BEGIN Data below
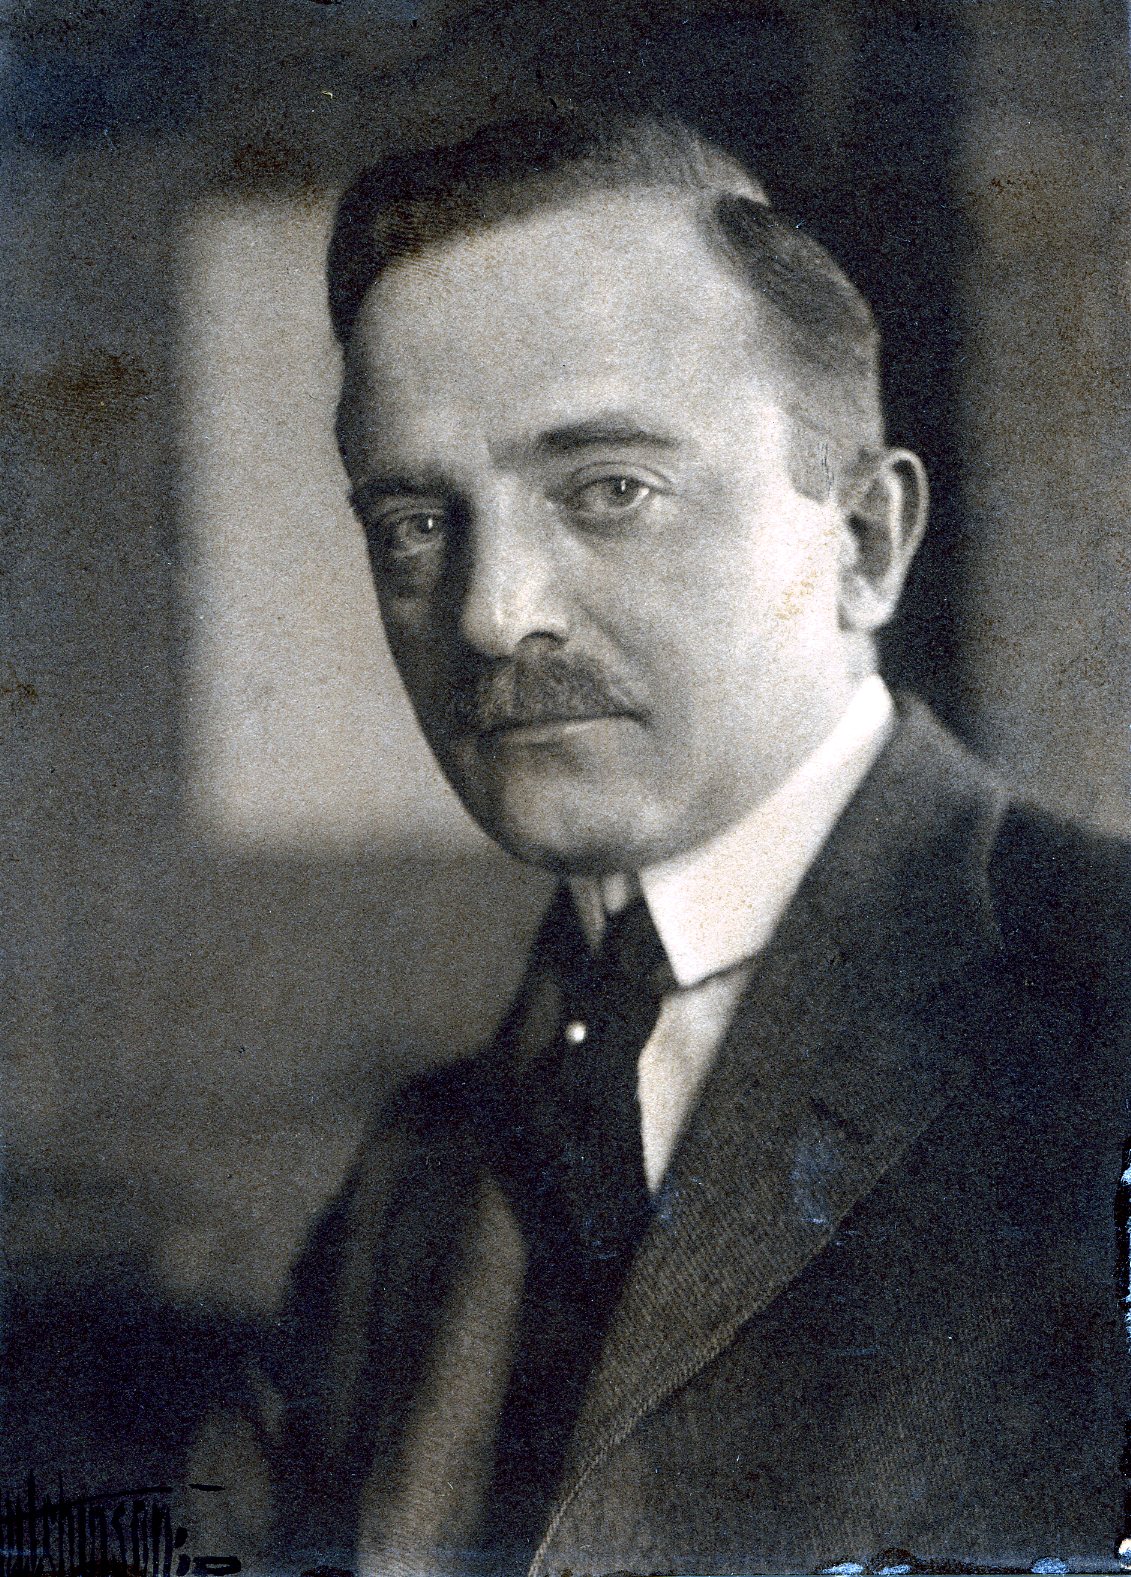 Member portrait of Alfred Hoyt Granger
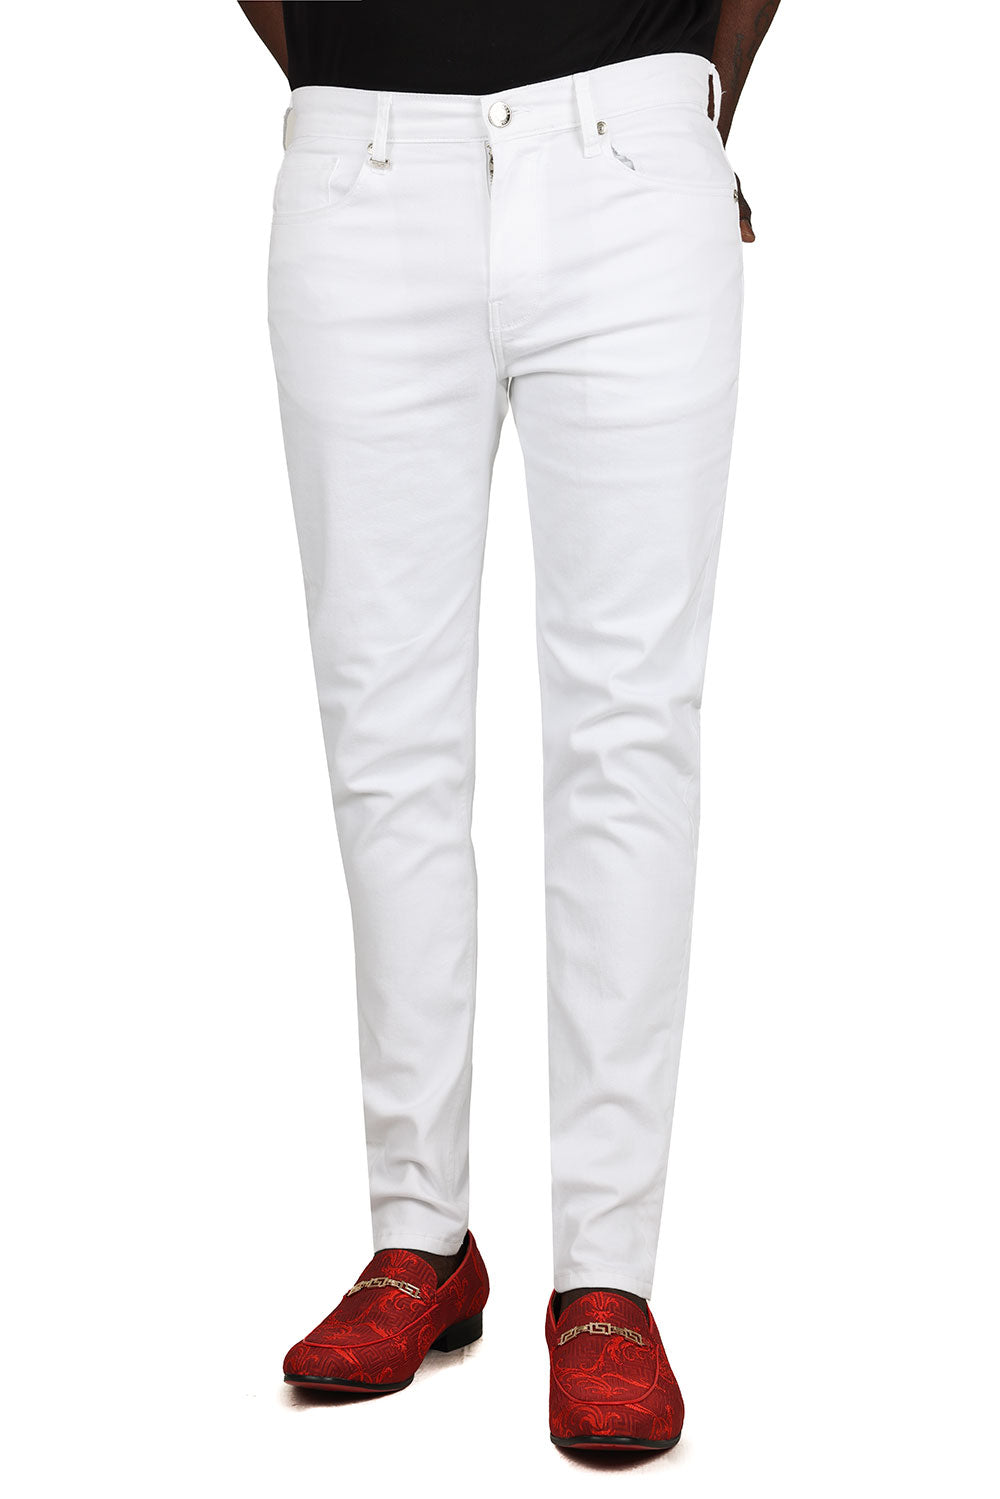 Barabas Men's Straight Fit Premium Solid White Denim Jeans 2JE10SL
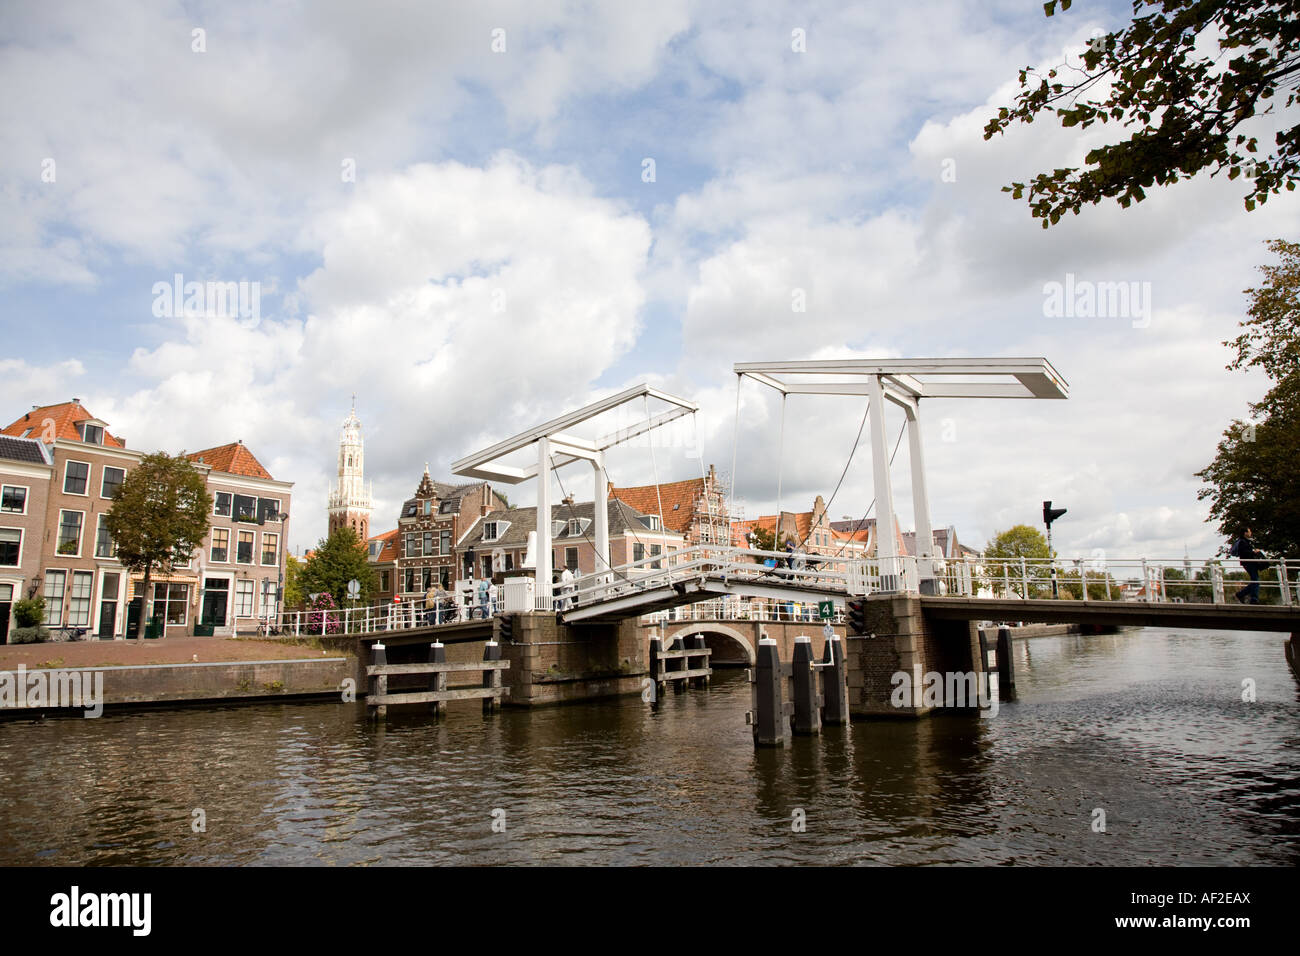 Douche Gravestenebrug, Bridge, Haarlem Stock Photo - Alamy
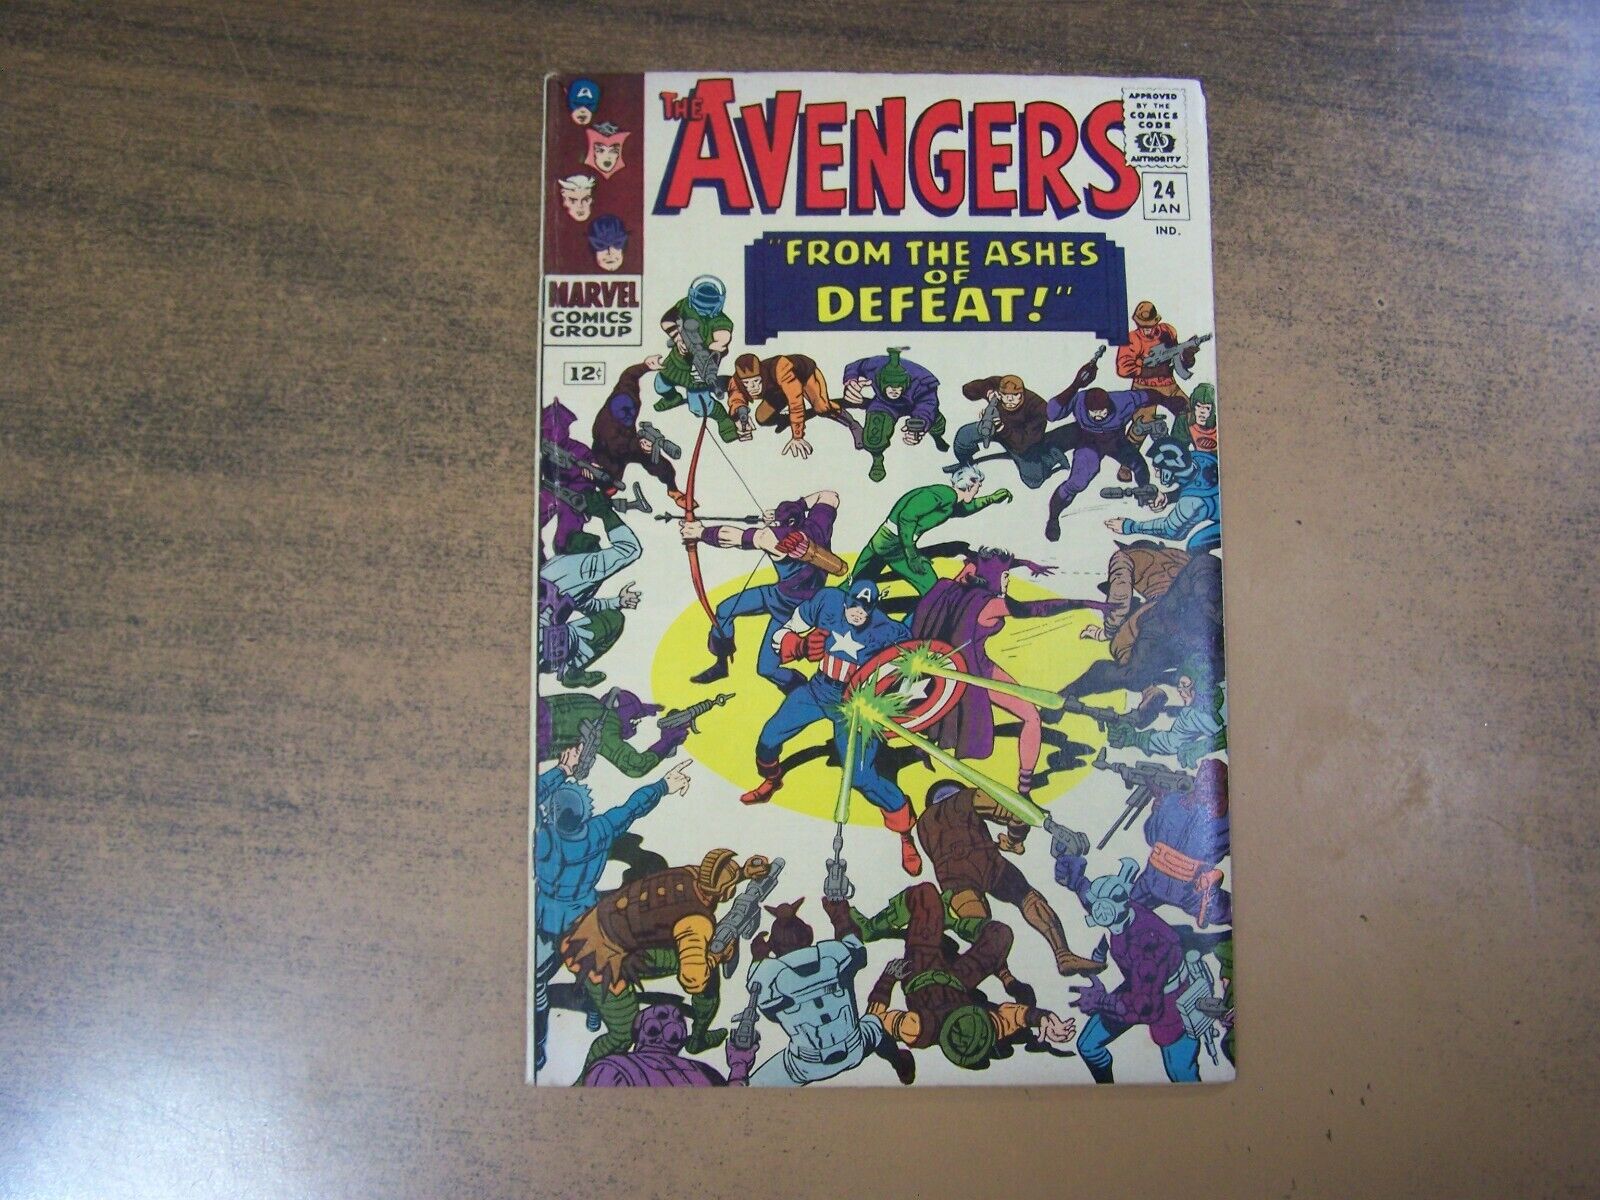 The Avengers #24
END Data below
What you are asked to do: Begin at the line containing "Douche Gravestenebrug, Bridge, Haarlem" and restate exactly every line through the end of the material, skipping the pictures.

Written answer:
 Douche Gravestenebrug, Bridge, Haarlem Stock Photo - Alamy
 The Avengers #24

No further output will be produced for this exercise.